2020-01-06 09:07:36,522 INFO sqlalchemy.engine.base.Engine select version()
2020-01-06 09:07:36,531 INFO sqlalchemy.engine.base.Engine {}
2020-01-06 09:07:36,645 INFO sqlalchemy.engine.base.Engine select current_schema()
2020-01-06 09:07:36,647 INFO sqlalchemy.engine.base.Engine {}
2020-01-06 09:07:36,754 INFO sqlalchemy.engine.base.Engine SELECT CAST('test plain returns' AS VARCHAR(60)) AS anon_1
2020-01-06 09:07:36,755 INFO sqlalchemy.engine.base.Engine {}
2020-01-06 09:07:36,807 INFO sqlalchemy.engine.base.Engine SELECT CAST('test unicode returns' AS VARCHAR(60)) AS anon_1
2020-01-06 09:07:36,809 INFO sqlalchemy.engine.base.Engine {}
2020-01-06 09:07:36,863 INFO sqlalchemy.engine.base.Engine show standard_conforming_strings
2020-01-06 09:07:36,864 INFO sqlalchemy.engine.base.Engine {}
2020-01-06 09:07:36,971 INFO sqlalchemy.engine.base.Engine SELECT * FROM houseprices
2020-01-06 09:07:36,973 INFO sqlalchemy.engine.base.Engine {}


In [28]:
houses_working = houses_raw.copy()

Select a subset of variables on which to base the model on 

In [29]:
houses_df = houses_working[["neighborhood","overallqual","lotarea",
                            "totalbsmtsf","firstflrsf","grlivarea",
                            "totrmsabvgrd","garagecars","saleprice"]]
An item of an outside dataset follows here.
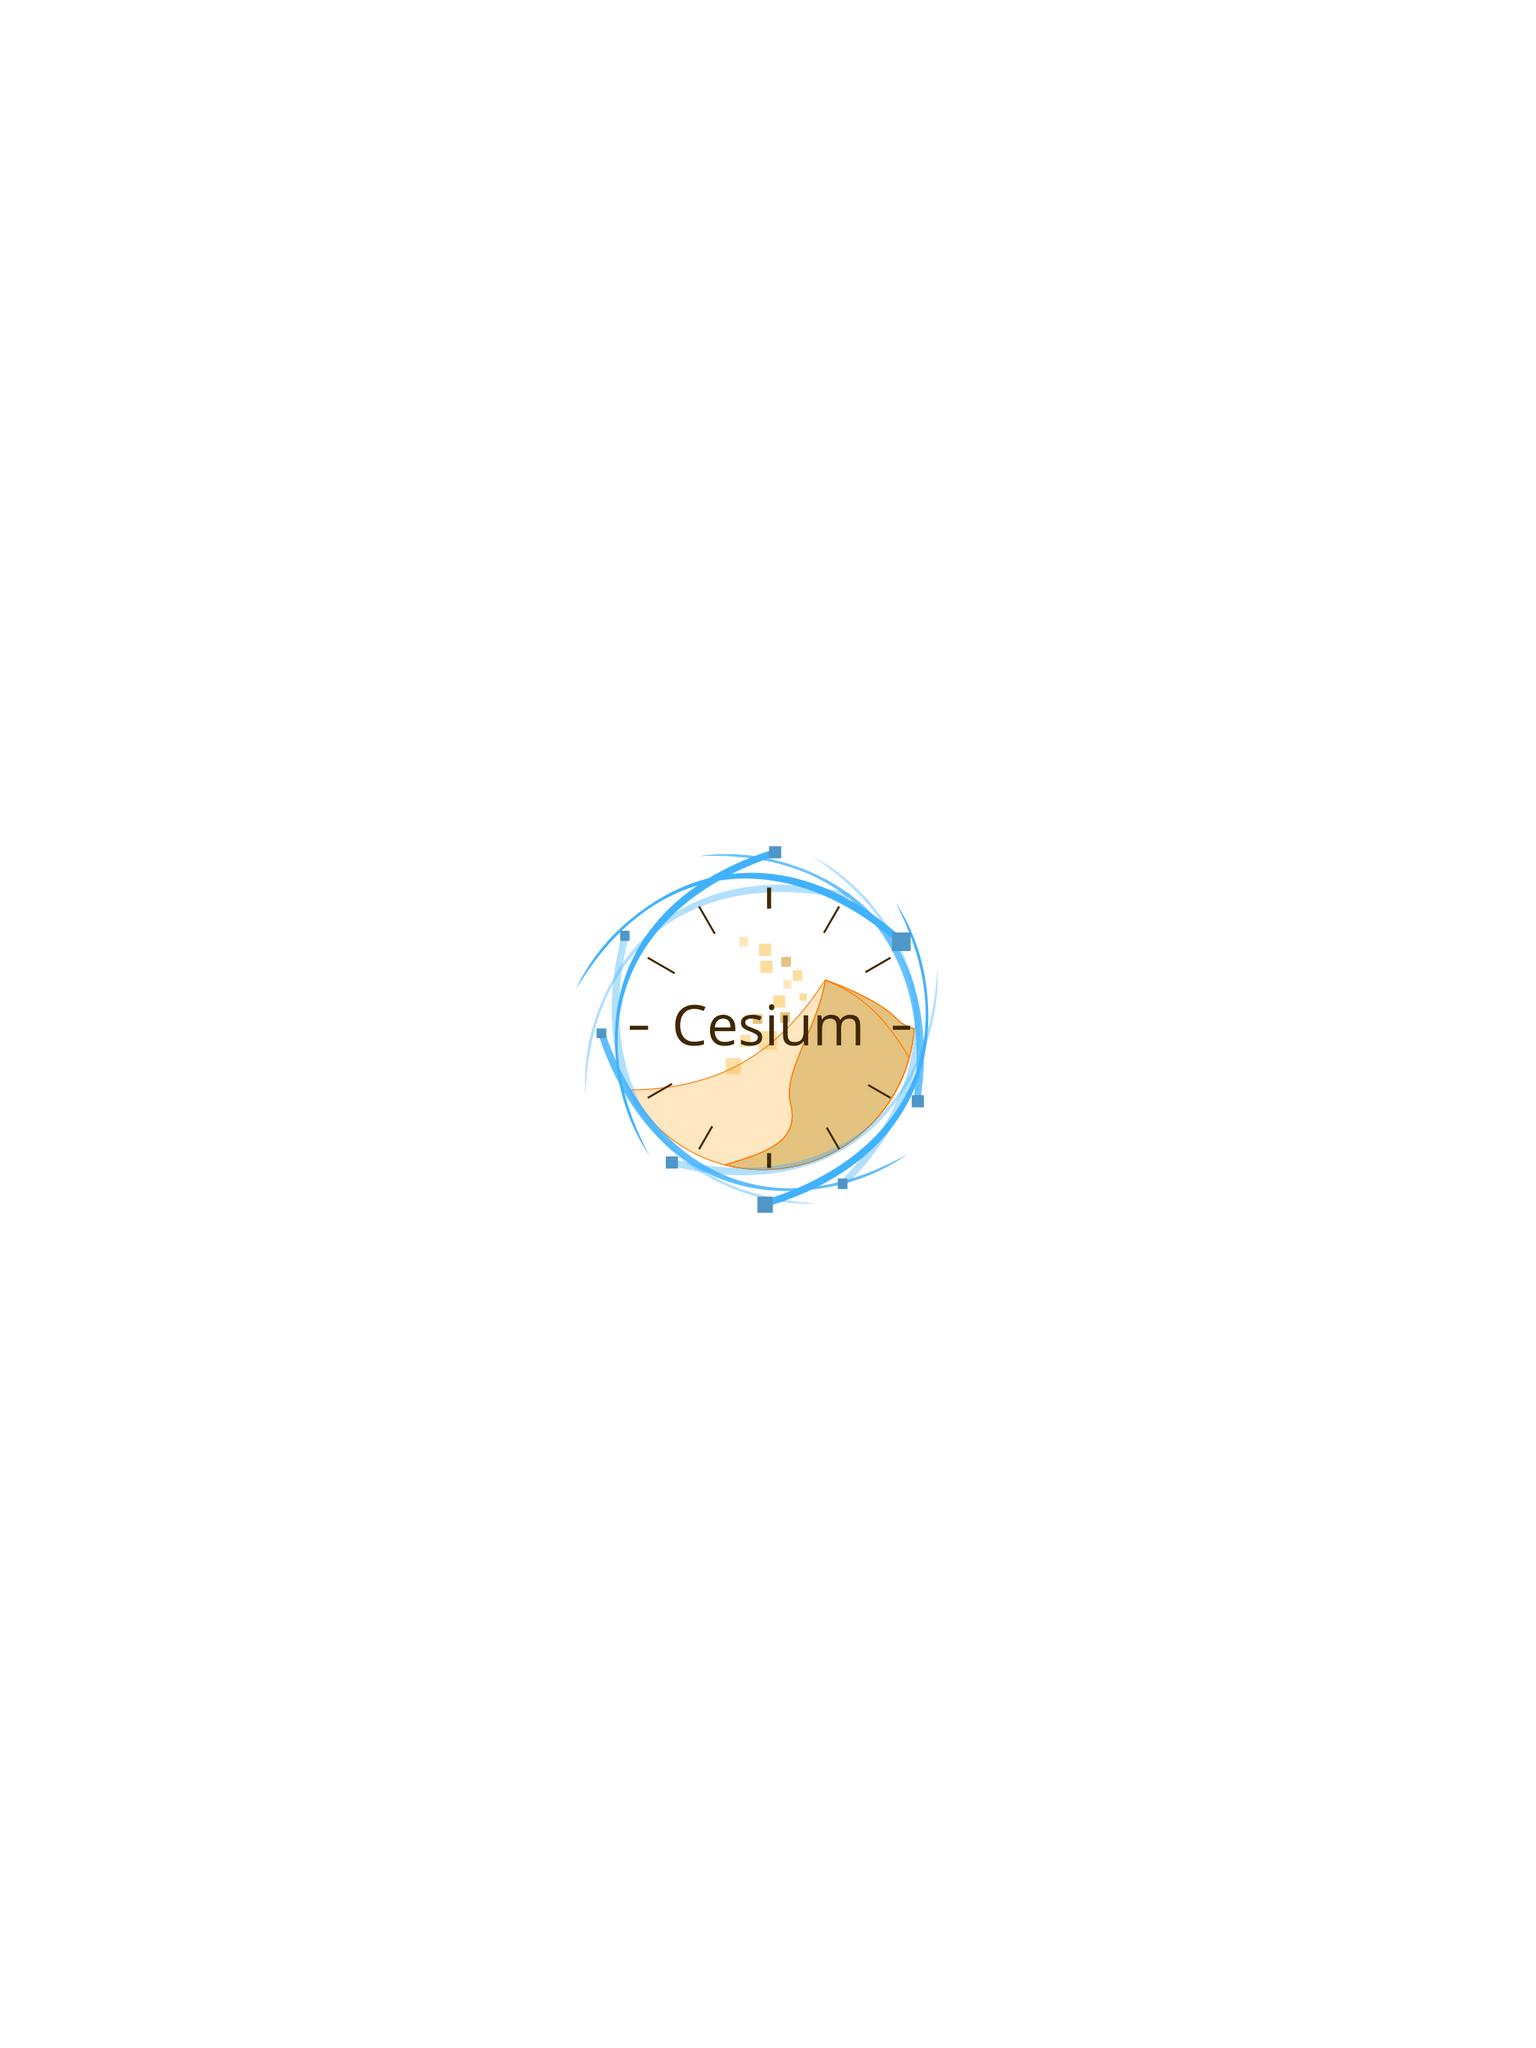 resources/ios/splash/Default-Portrait@2x~ipad.png
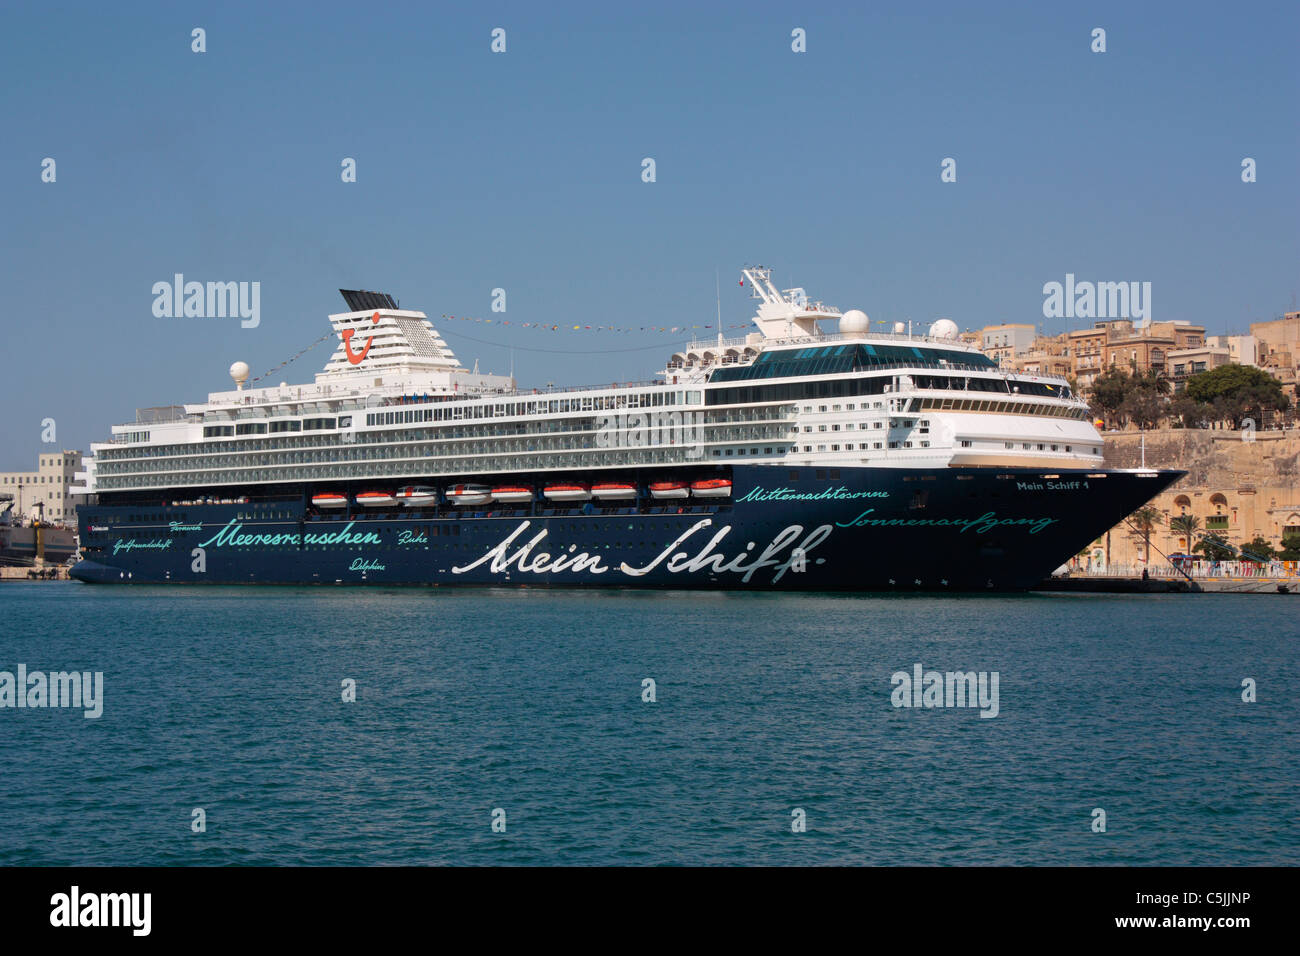 Tourism in the Mediterranean. The TUI cruise ship Mein Schiff 1 in Malta's Grand Harbour - Stock Image

Create a set of dummy columns for the two categorical columns, neighborhood and overallqual

In [30]:
# Create a set of dummies for the neighborhood variable, prefix the dummies with "neighborhood"
houses_df = pd.concat([houses_df, pd.get_dummies(houses_df["neighborhood"], prefix="neighborhood",drop_first=True)], axis=1)

# Create a set of dumies for the overallqual variable, previs the dummies with "overallqual"
houses_df = pd.concat([houses_df, pd.get_dummies(houses_df["overallqual"], prefix="overallqual",drop_first=True)], axis=1)

In [31]:
# Get a list of column names to be used for feature consideration
feature_names = houses_df.iloc[:,2:].columns.to_list()

# Pop saleprice from the list of feature_names
feature_names.pop(6)

'saleprice'

In [42]:
# Y is the target variable
Y = houses_df["saleprice"]

# X is the feature set
X = houses_df[feature_names]

# Add a constant to the model
X = sm.add_constant(X)

# Fit an OLS model using statsmodel
results = sm.OLS(Y,X).fit()

# Print the results
print(results.summary())

# Tear out the columns that I'm intersted in comparing 
first_model = results.summary2().tables[1]
first_model = first_model[["Coef.","P>|t|"]].round(4)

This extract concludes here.